Surface Modulation Inducing Bismuth-Rich Surface Composition in BiVO₄ for Efficient Photoelectrochemical Water Splitting

Surface engineering affects the photoelectrochemical properties of multinary oxide photoelectrodes. Here, we report a simple alkaline solution treatment of the (010) faceted bismuth vanadate (BiVO₄) photoanode to increase the surface ratio of bismuth to vanadium, thus improving the performance of photoelectrochemical water oxidation. This study demonstrates that the preferential vanadium dissolution occurs in an alkaline solution, resulting in a bismuth-rich surface on the outer region of the pristine BiVO₄ to afford the formation of homojunction within BiVO₄. The homojunction promotes the charge separation efficiency of the treated BiVO₄ photoanode to reach an almost ∼100% enhancement at 1.23 V_RHE under simulated sunlight.
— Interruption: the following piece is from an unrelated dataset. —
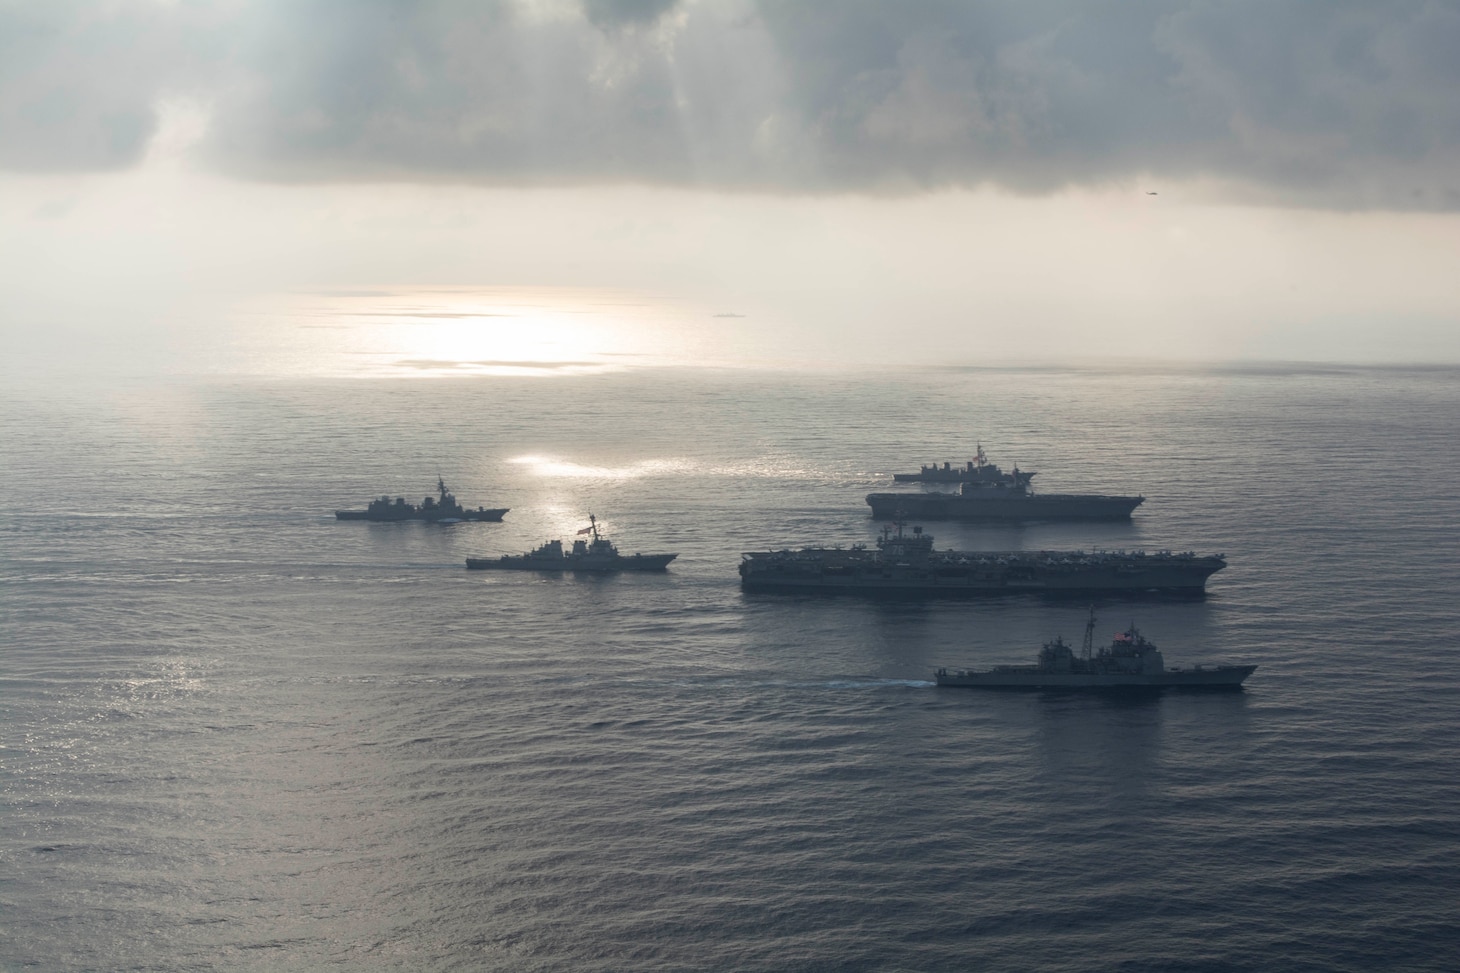 SOUTH CHINA SEA (Aug. 31, 2018) The Ronald Reagan Strike Group ship's aircraft carrier USS Ronald Reagan (CVN 76), the guided-missile destroyer USS Antietam (CG 54) and the guided-missile destroyer USS Milius (DDG 69) conduct a photo exercise with the Japanese Maritime Self-Defense Force ship's the helicopter destroyer JS Kaga (DDH 184), the destroyer JS Inazuma (DD 105) and the destroyer JS Suzutsuki (DD 117). The Ronald Reagan Strike Group is forward-deployed to the U.S. 7th Fleet area of operations in support of security and stability in the Indo-Pacific region.

Upon further loading NiFeO_x cocatalyst, the maximum applied-bias photon-to-current conversion efficiency (ABPE) of treated BiVO₄ photoanode also shows a further 100% enhancement in 0.1 M KPi electrolyte. This study sheds light on the critical role of surface termination/composition on the photoelectrochemical properties of the BiVO₄ photoanode. This essential surface property can be modulated through a simple strategy to improve its charge transport for efficient water oxidation.